Это была патология — она с таким пристрастием каждую неделю просматривала эту газету, словно и правда собиралась подыскать себе работу. Требовались все те же энергичные и коммуникабельные люди, к числу которых Вика не могла отнести себя даже с большой натяжкой. Она считала себя скорее ленивой и необщительной. Она жила словно под панцирем — как улитка, лишь изредка и робко выглядывая на свет. Только в те моменты, когда вставало солнце.
Привычка встречать рассвет — наверное, единственное из того, что осталось от той Вики, которая была раньше. Хотя теперь она редко вставала с постели раньше десяти, а то и одиннадцати часов утра. Но иногда скрытая сила какого-то внутреннего толчка, словно разряд электрического тока, пущенного по телу, заставляла ее открывать глаза и подниматься с постели рано утром. Подниматься и, прислонившись лбом к прохладному оконному стеклу, зачарованно следить, как розовеет небо.

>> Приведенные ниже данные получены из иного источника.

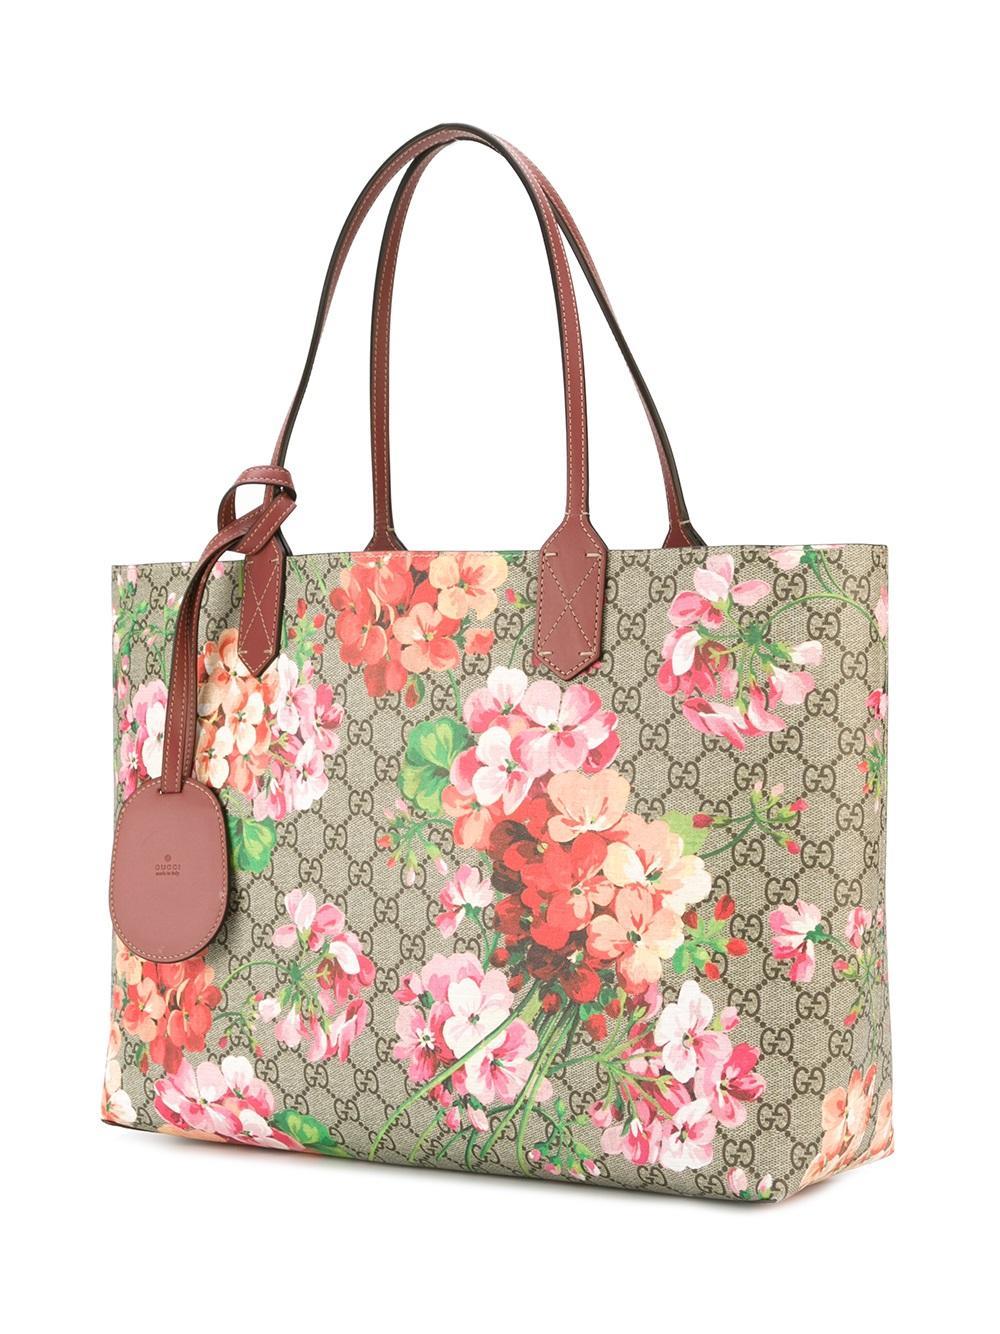 Gucci Leather Reversible Tote Bag With Blooms Print - Lyst

«Ну же, солнце-солнышко, — шептала она, совершенно серьезно обращаясь к небесному светилу, — иди сюда. Иди — ближе». В такие моменты она была полностью неподвижна, она почти не дышала, всецело сосредоточившись на ускользающем видении, думая только об одном — такого рассвета не было никогда и никогда не будет… Вика очень любила солнце, испытывая к нему странное, древнее, какое-то языческое чувство преклонения. В те минуты, когда ей было очень плохо, она, как и все люди на земле, молилась Богу — но в его образе невольно представляла себе сверкающий оранжевый шар.
В положенное время телефон снова зазвонил, и на этот раз Вике не пришлось долго раздумывать над тем, чей же голос она услышит.
— Викуля?
Через полчаса Павлик возвестил ей о своем прибытии требовательным звонком в дверь. Вика, подставив щеку для поцелуя и отступив на шаг, слегка прищурилась, рассматривая своего любовника.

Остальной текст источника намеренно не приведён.